Nonkeratinizing, undifferentiated subtype
Cytology description
- Nonkeratinizing undifferentiated type shows clusters of tumor cells with indistinct cell border, vesicular nuclei and prominent central nucleoli
- Background lymphocytes and plasma cells are commonly seen
Cytology images
Positive stains
- EBV LMP is less specific and less widely used in North America but is used elsewhere
- Pancytokeratin, high molecular weight CK, p63 and p40 are strongly positive
- Rarely negative for high molecular weight CK and p40
Negative stains
Molecular / cytogenetics description
- Detection of Epstein-Barr virus (EBV) by PCR or ISH (EBER) found in 75 - 100% of cases
Molecular / cytogenetics images
Sample pathology report
- Nasopharynx, biopsy:
- Nasopharyngeal carcinoma, nonkeratinizing, undifferentiated type (see comment)

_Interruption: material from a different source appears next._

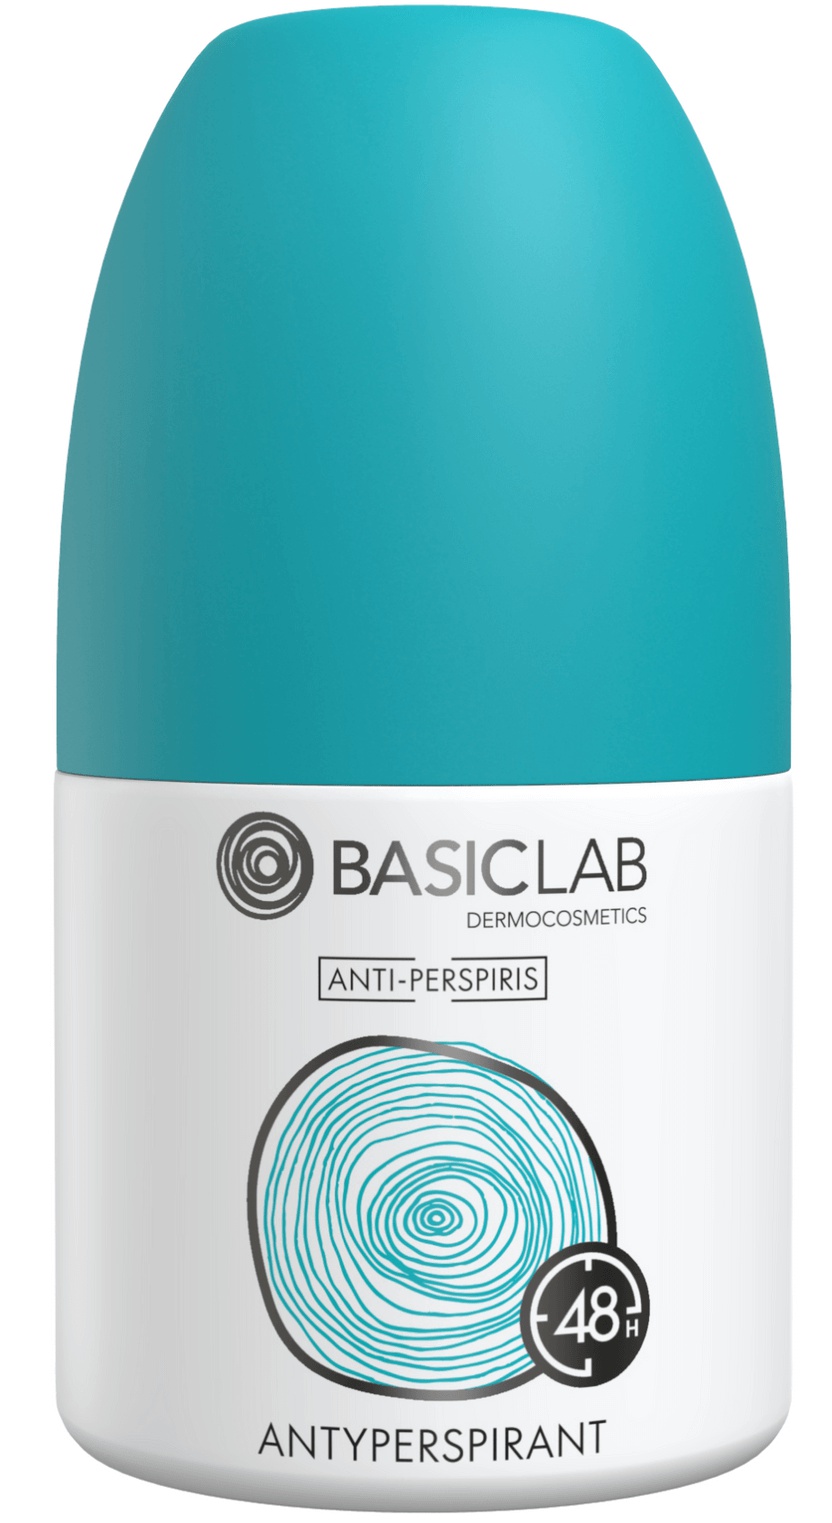 Basiclab Anti-Perspiris Antiperspirant 48h

- Comment: In situ hybridization for Epstein-Barr virus (EBER) is positive in this tumor.
Differential diagnosis
- Diffuse large B cell lymphoma (DLBCL):
- Mucosal malignant melanoma:
- Primary mucosal melanoma of nasopharynx is exceedingly rare, with only a few case reports (J Cancer Res Ther 2014;10:416, J Craniofac Surg 2014;25:e567, J Contemp Brachytherapy 2013;5:157)
- Epithelioid and amelanotic melanoma may share some cytologic similarity; e.g. prominent nucleoli and syncytial sheet-like growth pattern
- Positive for S100, HMB45, MelanA, negative for CK and EBV
- Oropharyngeal nonkeratinizing squamous cell carcinoma:
- Usually nonkeratinizing and shares certain histologic similarities
- Over 85% are p16+ and HPV+ but negative for EBV, compared with nasopharyngeal carcinomas that are commonly related to EBV
- In the rare incidence of HPV related nasopharyngeal carcinoma, radiologic correlation to determine the location of the primary tumor is needed
- Rhabdomyosarcoma:
- Several subtypes of rhabdomyosarcoma, e.g., embryonal rhabdomyosarcoma (including the botryoid variant), alveolar rhabdomyosarcoma, spindle cell rhabdomyosarcoma and pleomorphic rhabdomyosarcoma, have been reported in sinonasal tract / nasopharynx
- Embryonal rhabdomyosarcoma and alveolar rhabdomyosarcoma can demonstrate a primitive small blue round cell morphology that could mimic undifferentiated nasopharyngeal carcinoma
- Positive for myogenic markers (desmin, myoglobin and myogenin), negative for CK and EBV
- Sinonasal undifferentiated carcinoma:
- Arises in nasal cavity and paranasal sinuses only, hyperchromatic tumor cells with coarse chromatin, individual cell necrosis and necrosis of cell nests
- EBER- (Am J Surg Pathol 2002;26:371)
Additional references
Board review style question #1
A recent immigrant from Hong Kong presented with nasal discharge and a nasopharyngeal mass was biopsied. Which of the following statements is true?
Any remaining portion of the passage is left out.